There is synchronicity. Llamafile 0.6 was released a couple of weeks ago, and one of the new features it offers is the ability to load layers on multiple GPUs. I assume that there is a performance penalty if the GPUs don’t already have a feature like Nvidia’s NVLINK communications booster. But the fact that a large LLM could be loaded that way had me ready to try. I had been doing the new build on the first AMD motherboard I got for this project, but I shifted the NVME SSD to the newer motherboard, dropped a second Nvidia Tesla P40 into the system, and booted up. The differences in hardware did make that first boot a bit longer than usual, but once the system was up, I was able to run llamafile with the Mixtral model, and it all fit in GPU VRAM split across the two Tesla P40s.
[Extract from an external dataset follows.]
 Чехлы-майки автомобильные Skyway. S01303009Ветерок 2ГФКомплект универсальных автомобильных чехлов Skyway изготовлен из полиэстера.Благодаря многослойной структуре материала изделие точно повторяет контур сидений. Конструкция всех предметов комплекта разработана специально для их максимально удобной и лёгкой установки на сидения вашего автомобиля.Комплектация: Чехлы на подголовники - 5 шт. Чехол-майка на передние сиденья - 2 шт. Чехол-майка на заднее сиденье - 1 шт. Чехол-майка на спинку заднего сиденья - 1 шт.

I’ve done many prompts since then, and the average tokens/s performance is right around 20, where CPU-only varied between 2 and 6.
With Mixtral running with llamafile in server mode, I can use the web-app llama.cpp interface from any machine on my network. (And with Zerotier, my network isn’t limited to just when I’m at home, at least as long as my link is up.) I can also send completion requests via the API. It’s taken months, but I can finally add a couple more items to the capabilities list:
– Self-hosted LLM inference at ~20 t/s (llamafile w Mixtral)
– Vector embedding (Python w sentence-transformers)
Those two things expand the potential utility of the system greatly. Given the Mixtral multi-lingual capability, I am gearing up to do some automated translations of websites I manage as a first pass. I am also trying to scope a project for semantic search of both websites and other materials I have on hand.
Two P40s gives a total of 48GB of VRAM. Getting Mixtral loaded takes about 39GB of that. Llamafile has a handy ‘-ts’ (tensor split) parameter, where one can provide a list of integers to determine the proportion of layers to be put on each GPU in sequence. Given that Stable Diffusion doesn’t split model loading itself, I set ‘-ts’ to put more layers of Mixtral on the second GPU, and that left enough VRAM for Stable Diffusion to load a model. I will likely have to stop the Mixtral server when I want to run additional image-related processing, like image resizing or ‘deoldify’ (which colorizes black-and-white images automatically). Or re-think the homelab system again to get more VRAM.
There are more capable GPUs available. But I am coming to the conclusion that getting used Nvidia Tesla P40s is a pretty good way to get an excellent set of usable capabilities without a huge up-front outlay of cash.